=== Section Start ===

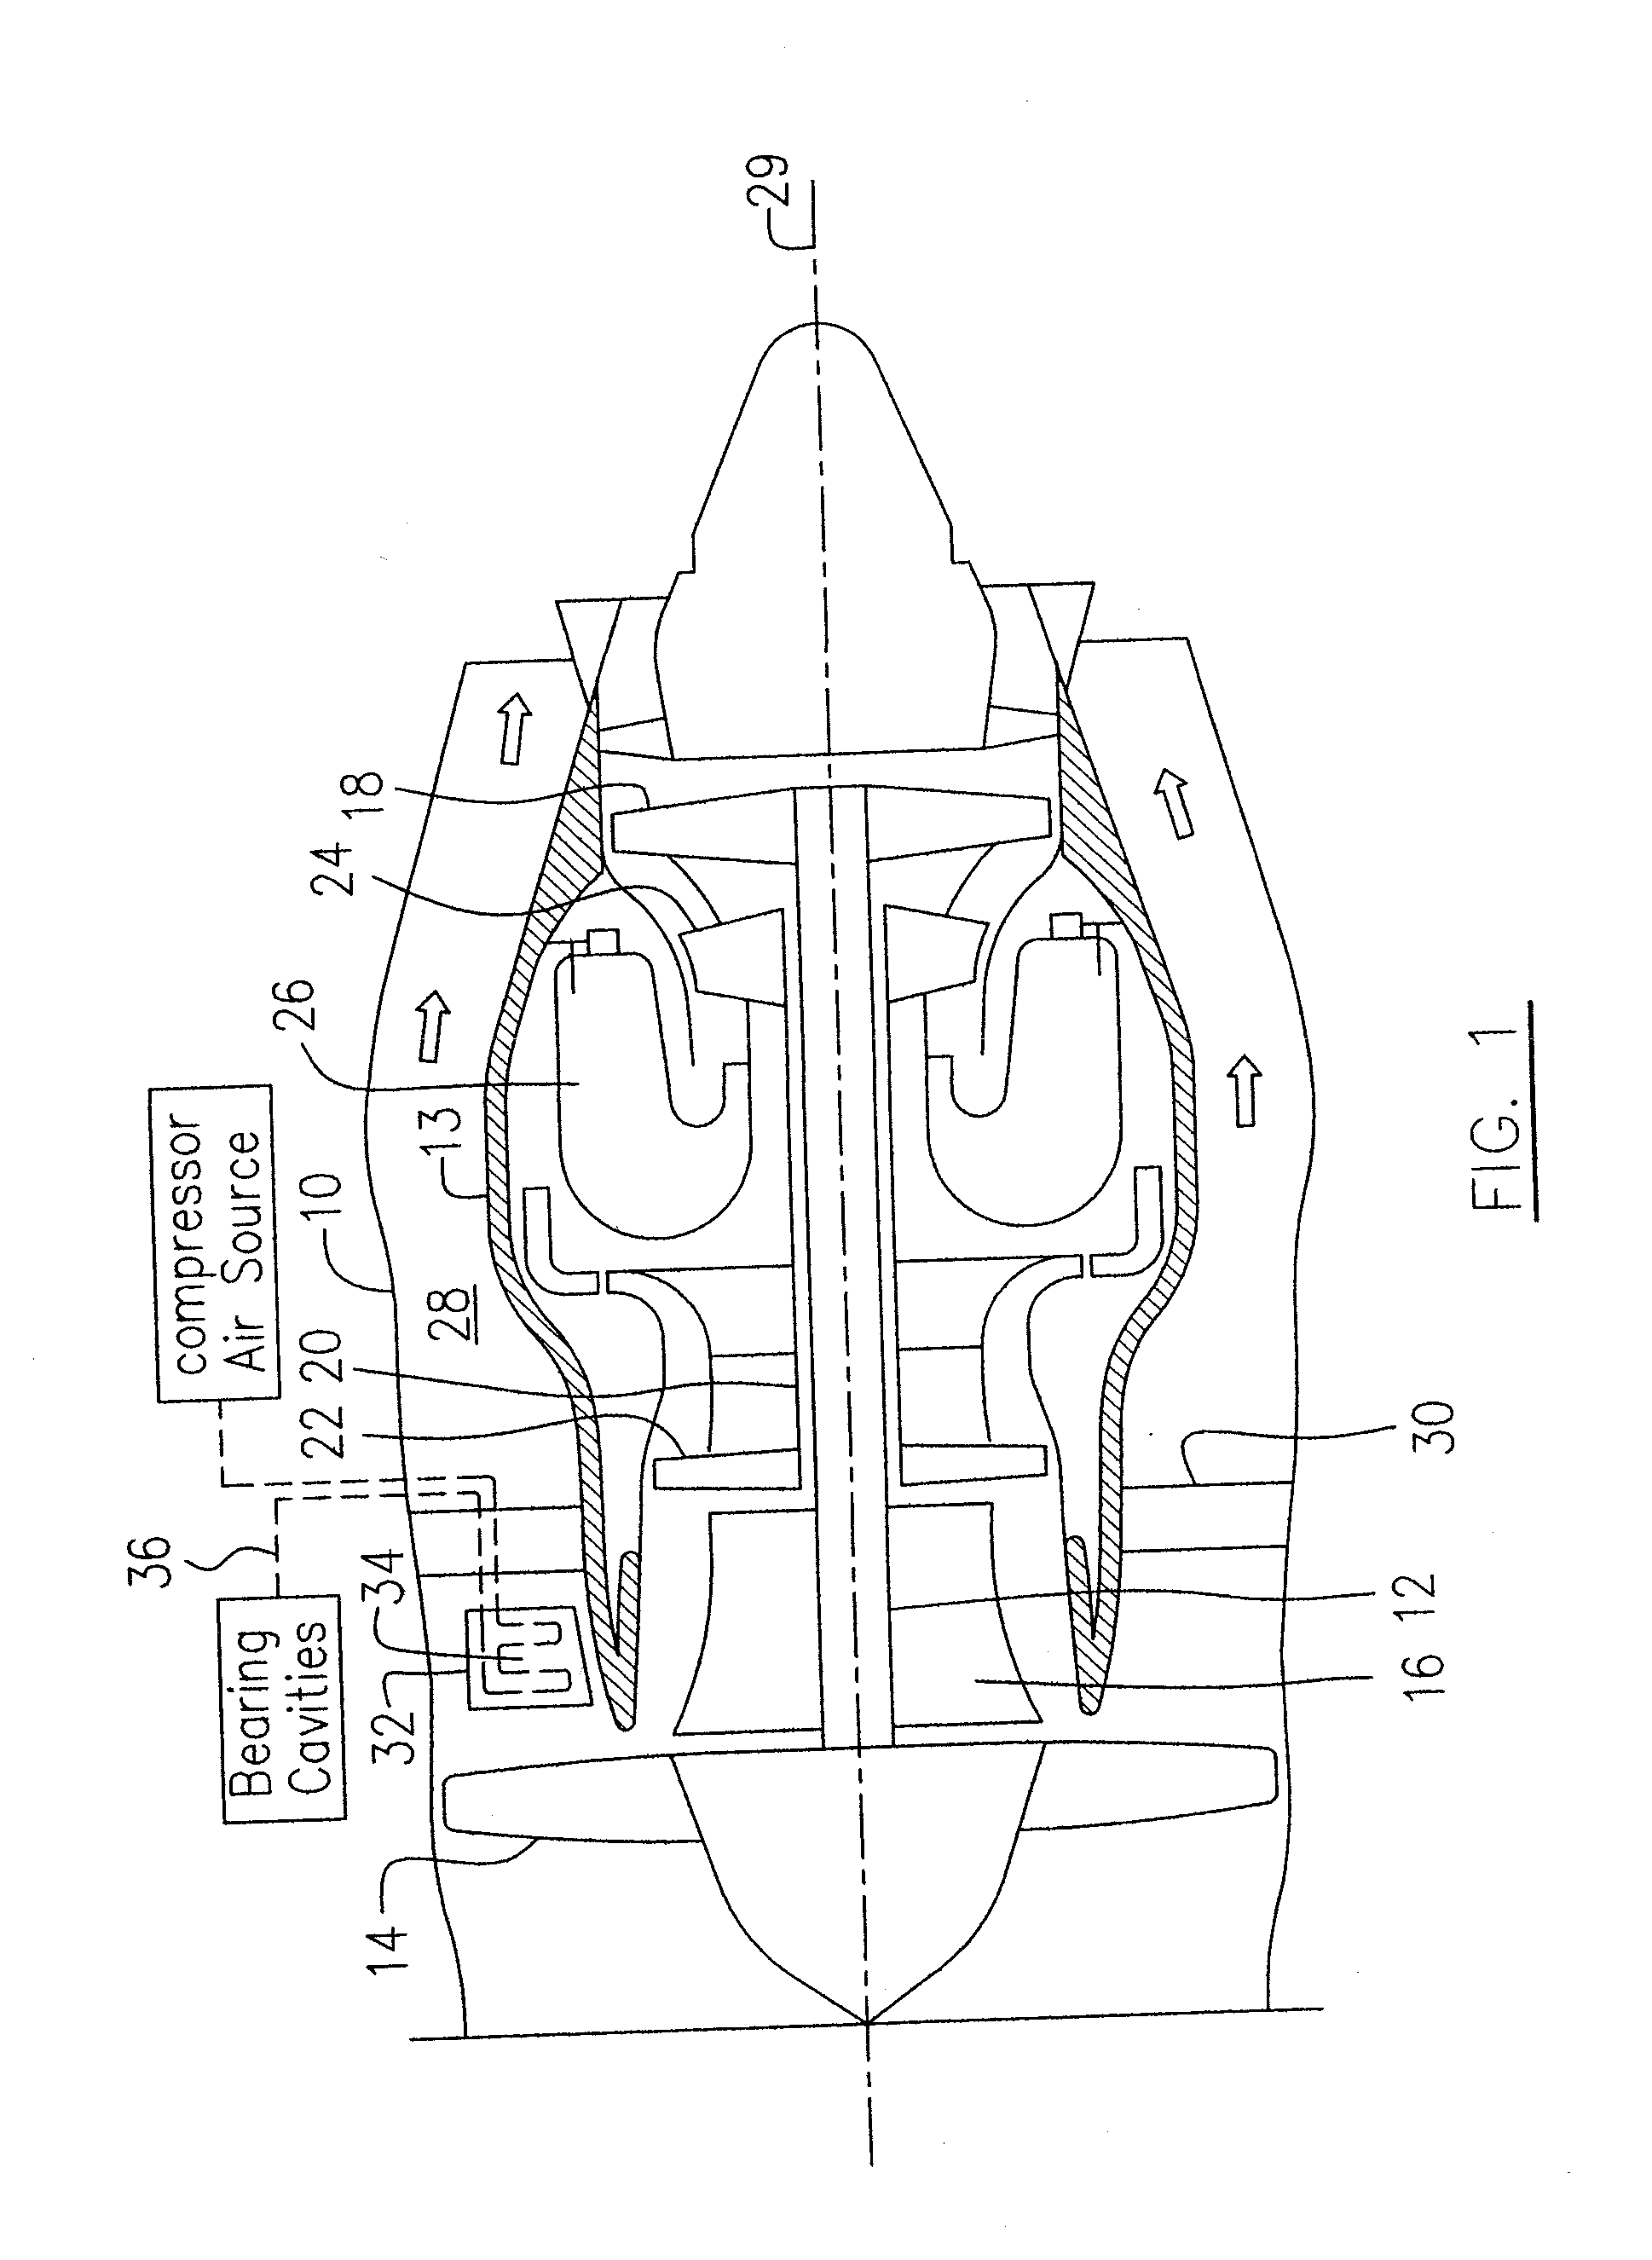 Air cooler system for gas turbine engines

=== Section End ===
=== Section Start ===

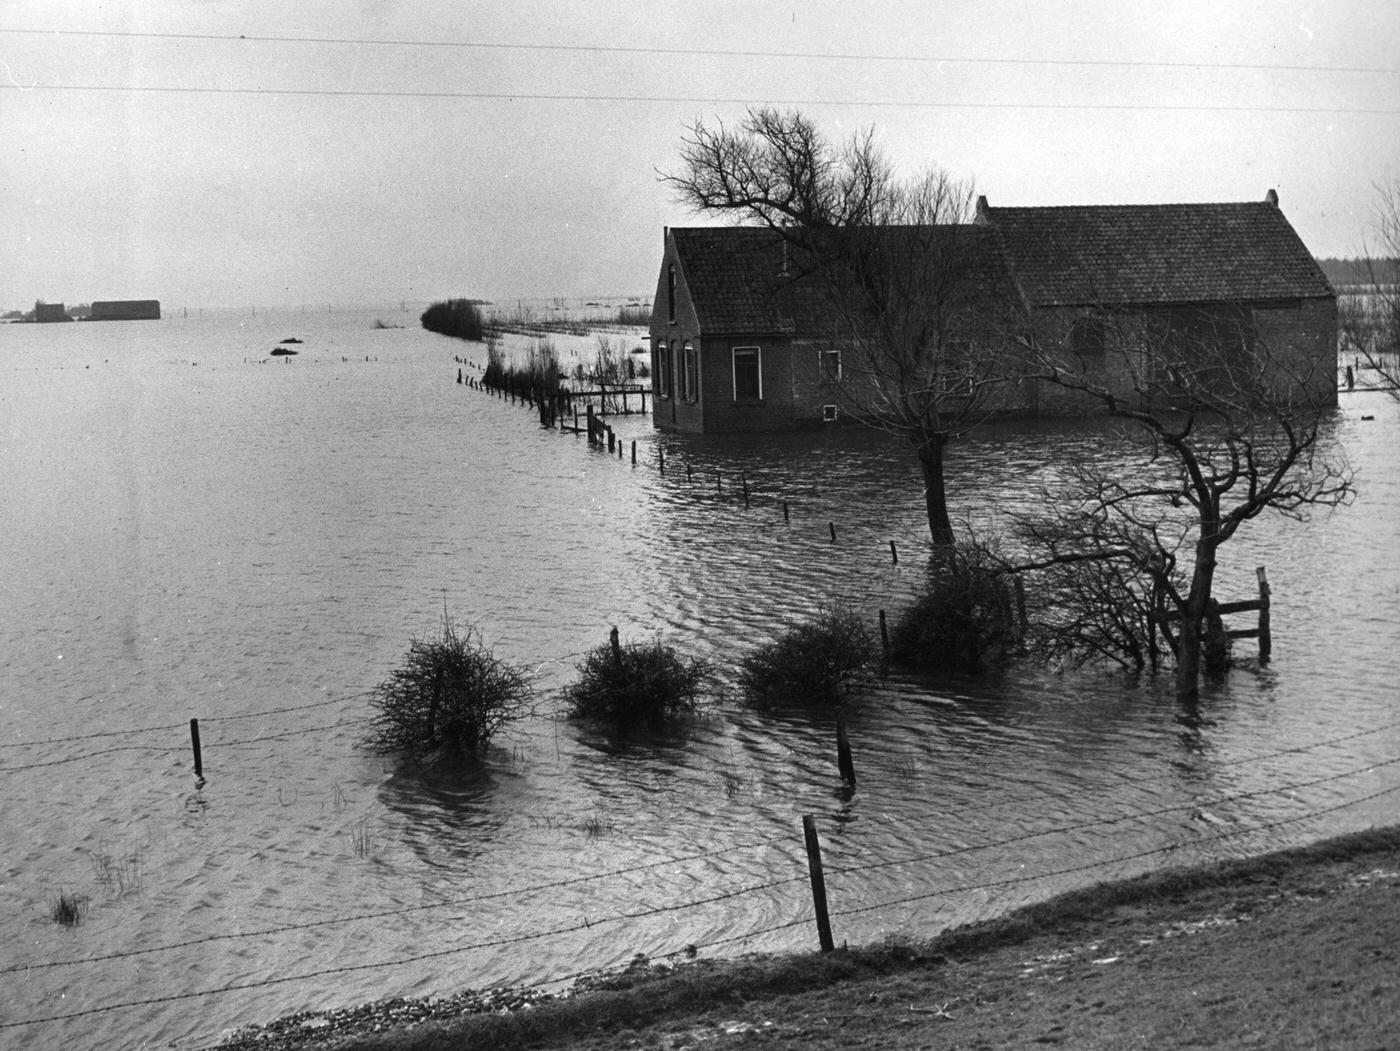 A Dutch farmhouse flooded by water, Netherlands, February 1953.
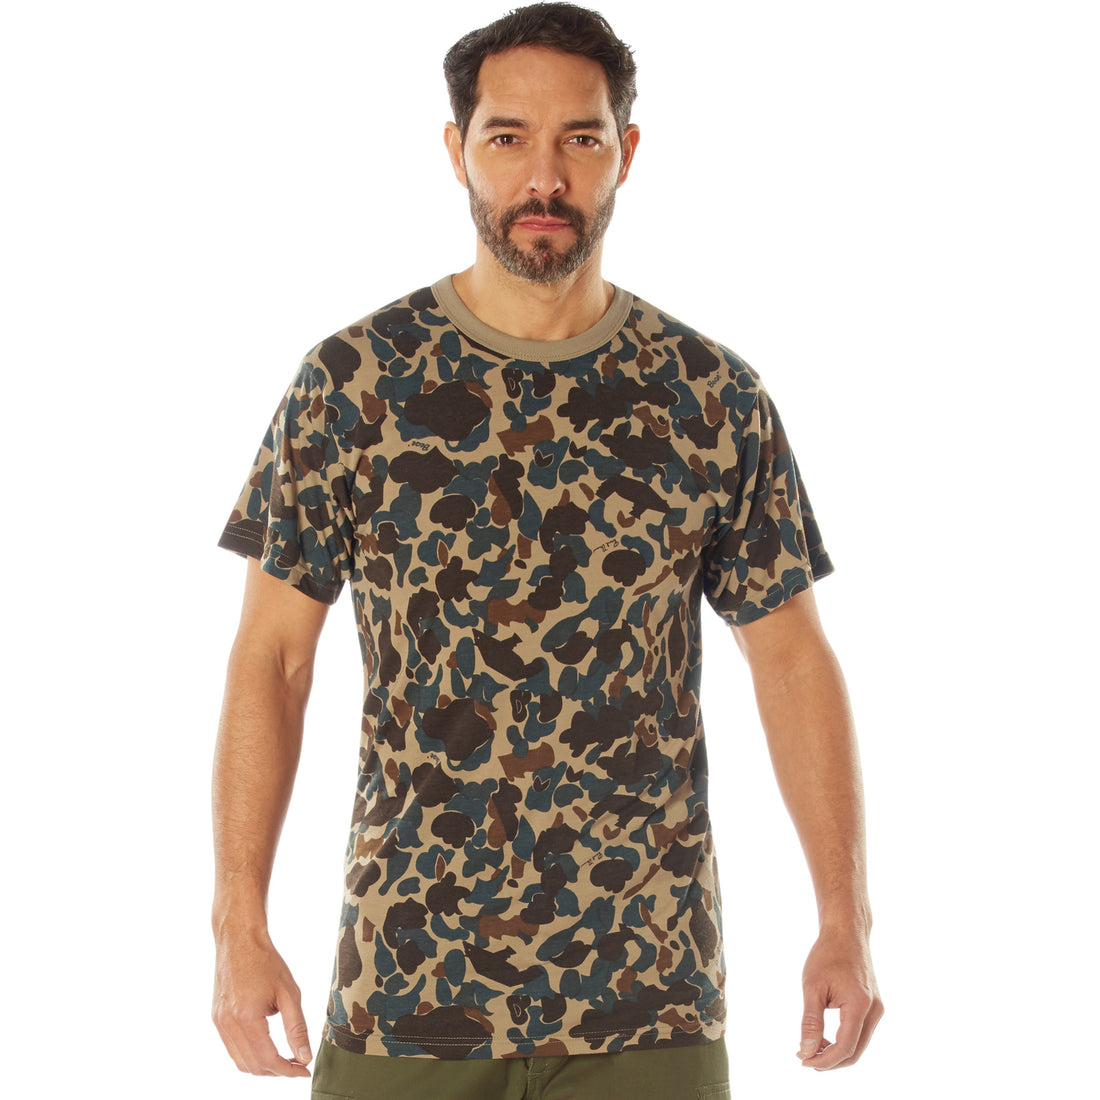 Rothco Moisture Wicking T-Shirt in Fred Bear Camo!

=== Section End ===

About this exercise: Having found the line with "A Dutch farmhouse" and the line with "Rothco Moisture Wicking" in the material above, write out exactly those two and every line between, leaving the pictures out.

Solution below:
 A Dutch farmhouse flooded by water, Netherlands, February 1953.
 Rothco Moisture Wicking T-Shirt in Fred Bear Camo!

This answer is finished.